Brassinosteroid (BR)-signaling kinase (BSK) is a kind of plant-specific protein kinase, which contains a kinase domain in N-terminus and a tetratricopeptide repeat (TPR) domain in C-terminus (Shiu et al., 2004; Kim and Wang, 2010). It belongs to the receptor-like cytoplasmic kinases (RLCKs) subfamily XII (Li et al., 2019). Until now, 12 BSKs in Arabidopsis and five BSKs in rice have been identified (Tang et al., 2008; Wang et al., 2017). Many studies have identified the different functions in Arabidopsis and rice. For example, AtBSK1, AtBSK2, AtBSK3, and AtBSK5 have been recognized as BR-responsive proteins in BR signaling pathway in Arabidopsis (Tang et al., 2008). AtBSK1 and Oryza sativa BSK3 (OsBSK3) can directly interact with and be phosphorylated by Arabidopsis BR insensitive 1 (AtBRI1) and rice BRI1 (OsBRI1), then the activated BSKs positively regulate BR signaling (Tang et al., 2008; Zhang et al., 2016). Sreeramulu et al. (2013) reveals that AtBSK3, AtBSK4, AtBSK6, AtBSK7, and AtBSK8 play a partial overlapping role in plant growth. However, only AtBSK3 has been found to be a scaffold protein to function in BR-mediated root growth, shoot growth, and organ separation (Ren et al., 2019a). Moreover, AtBSK1, AtBSK5, or AtBSK8 associates with the immune receptors to play crucial roles in activating the pathogen-associated molecular pattern (PAMP)-triggered immunity (Qi et al., 2011; Shi et al., 2013; Yan et al., 2018; Majhi et al., 2019). In rice, OsBSK1-2, an ortholog of AtBSK1, positively regulates flg22- and chitin-triggered defense responses (Wang et al., 2017).

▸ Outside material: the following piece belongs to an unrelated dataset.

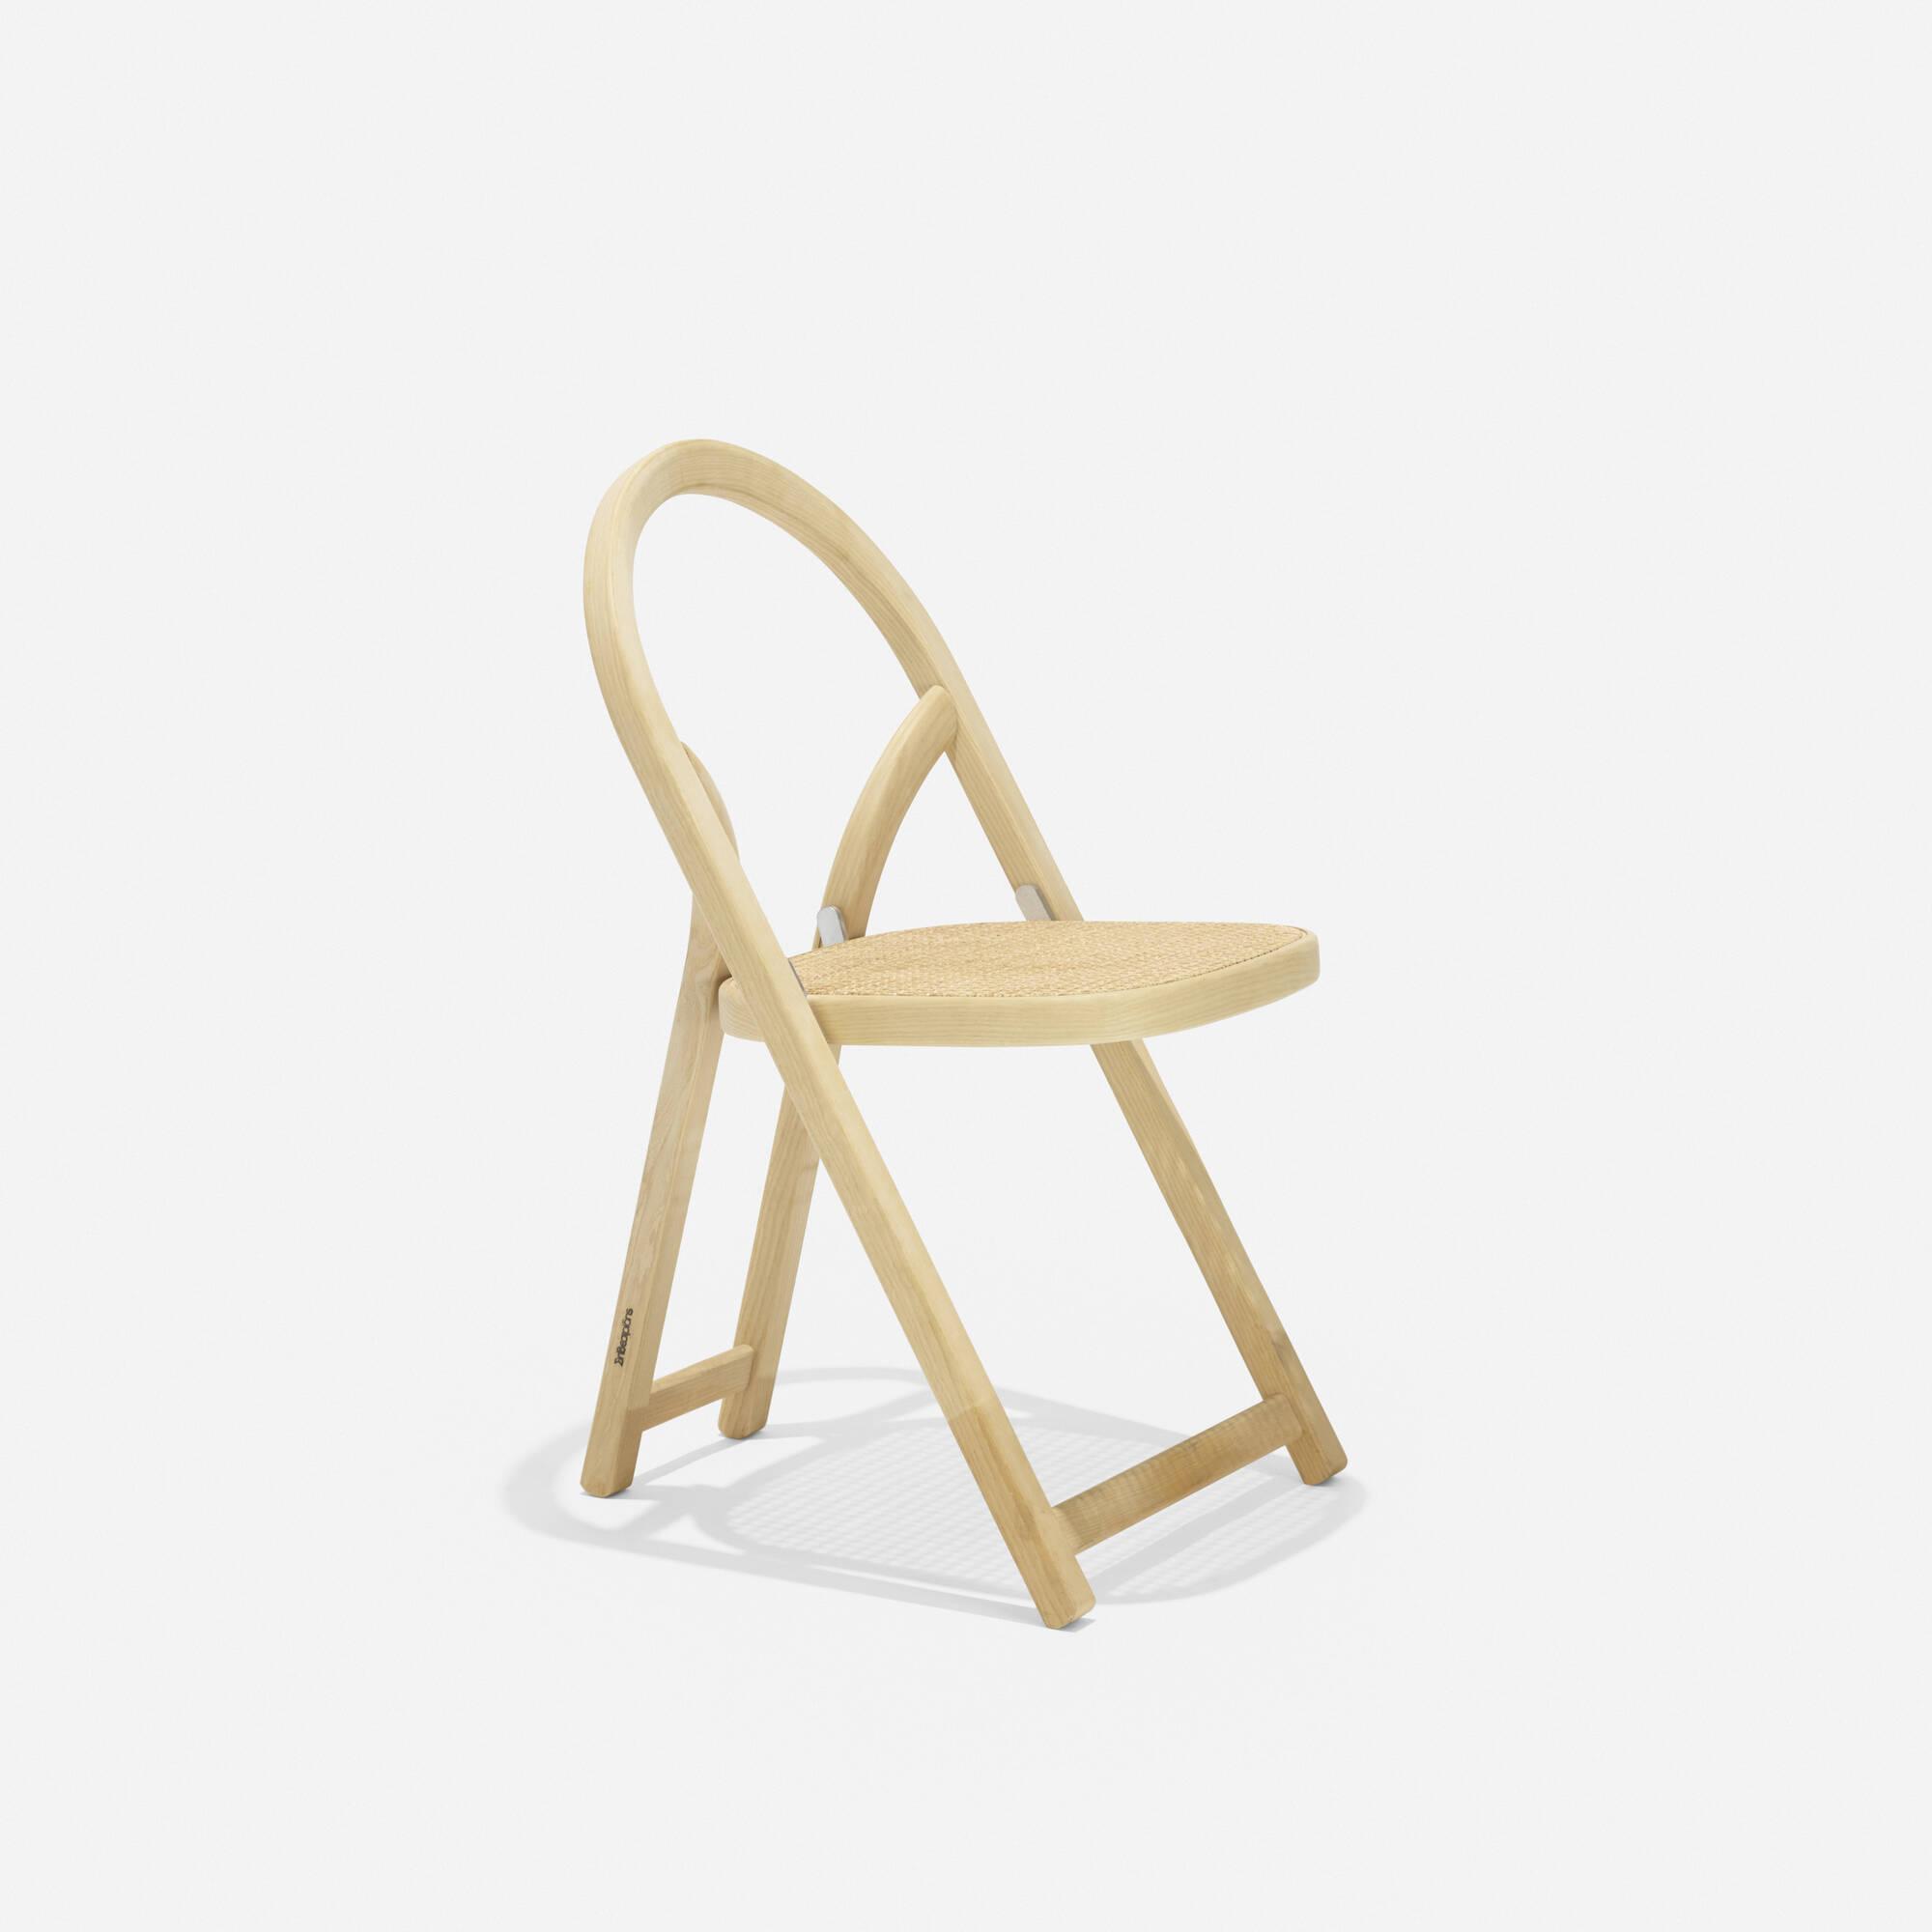 344: Gigi Sabadin / Arca chair (1 of 3)

Increasing evidences suggest that BSKs are also involved in responses of plants to abiotic stresses. For example, salinity, alkali (NaHCO3), drought, cold, phytohormones BR, and abscisic acid (ABA) can obviously upregulate the transcript levels of BSKs gene in many species including Arabidopsis, barley (Hordeum spontaneum L.), Populus tomentosa Carr., hemp (Cannabis sativa L.), potato (Solanum tuberosum L.), and kentucky bluegrass (Poa pratensis L.) (Li et al., 2012; Chen et al., 2019a,b; Yang et al., 2019; Jiang et al., 2021; Kang et al., 2021). In Arabidopsis, loss-of-function mutant bsk5 exhibits sensitivity to salinity and ABA, and further analysis shows that AtBSK5 is required for the tolerance of plants to salt stress and ABA-mediated drought stress (Li et al., 2012). Recently, there are nine BSKs have been identified in maize (Li et al., 2019). Only Zea mays BSK1 (ZmBSK1), an ortholog of AtBSK1, has been characterized to enhance drought tolerance (Liu et al., 2021). However, little is known about the biological function of BSKs in maize, especially under salt stress conditions.

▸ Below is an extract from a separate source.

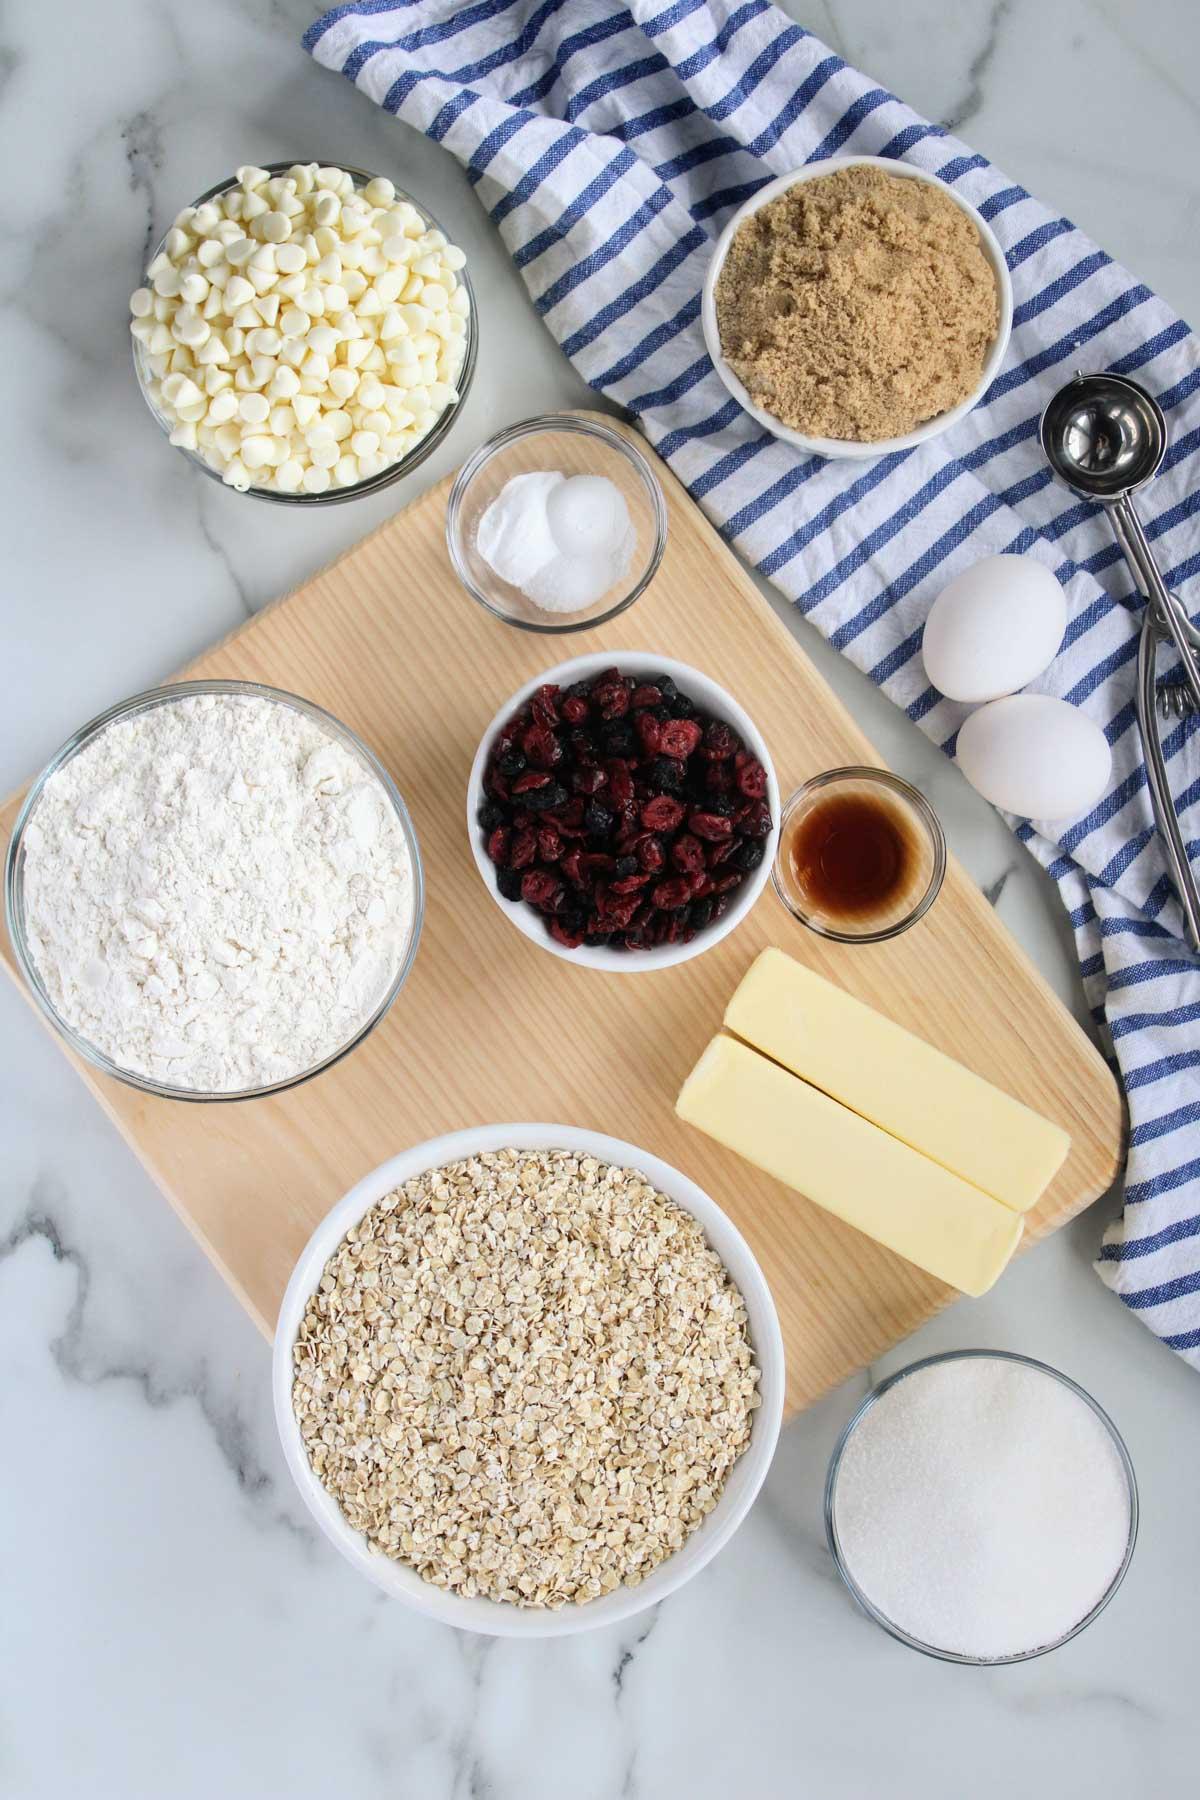 ingredients for oatmeal cookies

In this study, we report that the gene expression of ZmBSK1 can be induced by NaCl and overexpression of ZmBSK1 enhances salt tolerance in maize. Further, we unravel the mechanism of ZmBSK1 in salt tolerance.
Materials and Methods
Plant Materials, Growth Conditions, and Salt Stress Treatment
Maize (Zea mays L.) inbred line B73 (from Nanjing Agricultural University, China) and tobacco (Nicotiana benthamiana L., from Nanjing Agricultural University, China) were used in this study. Maize and tobacco seeds were sown on pots containing soil mixture (soil: vermiculite, 1: 1, v/v) or grown in modified 1/2Hoagland nutrient solution (Coolaber, China) in an artificial climate chamber at a temperature of 28°C, photoperiod 14 h light: 10 h dark and 60% relative humidity (RH), and were watered daily. For tissue-specific expression analysis, roots, stems, and leaves were collected in three-leaf stage of maize, and pollens as well as pistils were collected in flowering stage of maize. For salt stress treatment, 10-day-old maize seedlings grown in nutrient solution were treated with or without 200 mM NaCl for various times, and then the second leaves were harvested and used for further analysis.

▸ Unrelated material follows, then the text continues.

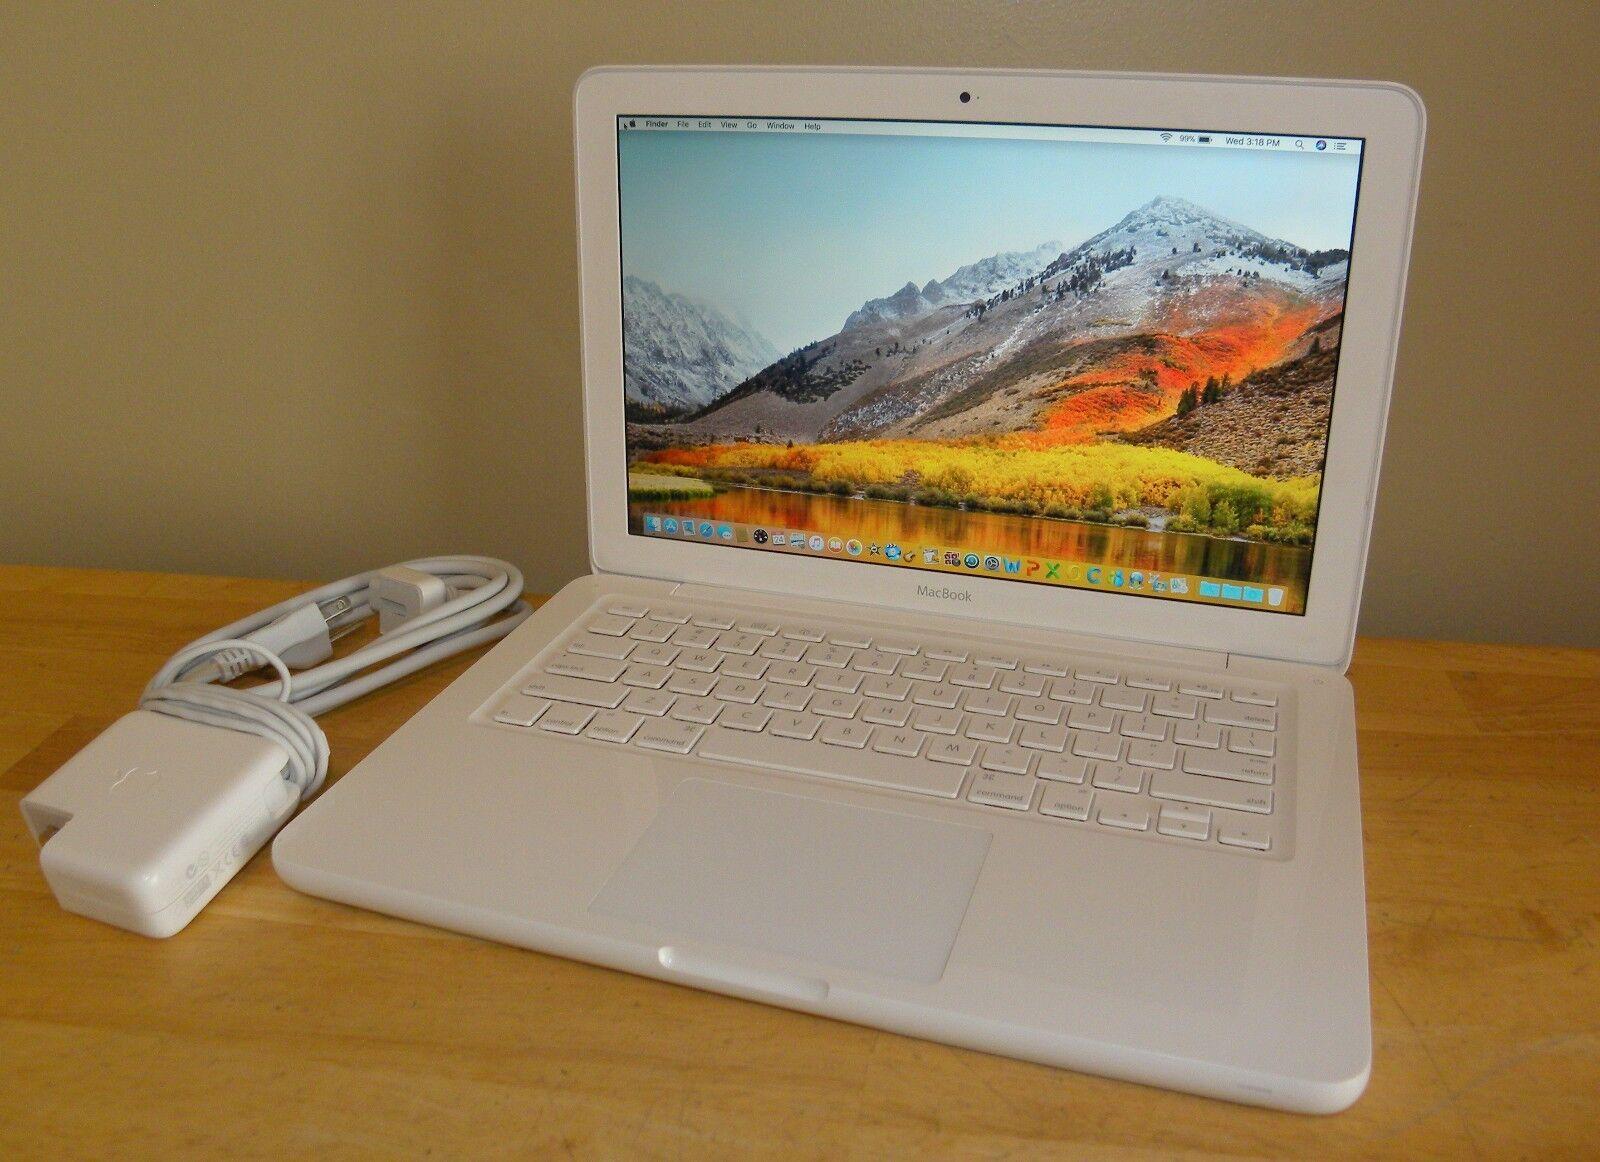 "Macbook - Apple Macbook 13"" A1342 Mid 2010 2.4GHz 250GB 4GB 10.13 High Sierra Office"

Generation of Transgenic Maize Plants
The full-length coding sequence of ZmBSK1 was cloned into pCUN-NHF expression vector driven by ubiquitin promoter with a 3 × Flag tag at the N terminus. The maize inbred line B73 was used as the plant receptor. The Agrobacterium-mediated maize transformation was performed as described by Liu et al. (2015). Positive transformants were selected by 75 mg L−1 herbicide Basta (Sangon Biotech, China) and were further confirmed by PCR. The primers are listed in Supplementary Table 1. The homozygous T3 lines were obtained for analysis of phenotypes, gene expressions, and physiological indexes.
RNA Extraction and qRT-PCR Analysis
Total RNA were isolated from different maize tissues using RNAiso Plus Kit (Takara, China) following the manufacturer’s protocol, and the cDNA was synthesized using M5 Super plus qPCR RT Kit (Mei5bio, China). Quantitative RT-PCR was performed on a CFX96 Touch System (Bio-Rad, United States) using 2 × M5 HiPer Realtime PCR Super Mix (Mei5bio, China) according to the manufacturer’s protocol. The gene expression levels were calculated by the 2-ΔΔCT method and were normalized against ZmActin2 gene. The specific primers used for qRT-PCR are listed in Supplementary Table 1.
Western Blot Analysis
Total proteins were extracted from maize leaves as described previously (Ma et al., 2012), and their content was quantified using Bradford Protein Assay Kit (Beyotime, China) according to the manufacturer’s protocol. Extracted proteins were separated by 12% SDS-PAGE and were transferred to a polyvinylidene fluoride (PVDF) membrane (Merck Millipore, United States). The membrane was blocked in PBST buffer containing 5% [w/v] skimmed milk powder for 2 h at 25°C, and was then incubated with primary antibody including anti-Flag antibody (1:5,000, Abmart) or anti-actin antibody (1:5,000, Biodragon, China). The secondary antibody, horseradish peroxidase (HRP)-conjugated anti-mouse antibody (Abmart), was used at 1:5,000 dilution. Chemifluorescent signal generated by BeyoECL plus (Beyotime, China) western blotting detection reagents was captured by a camera (Tanon 5200 Multi, China).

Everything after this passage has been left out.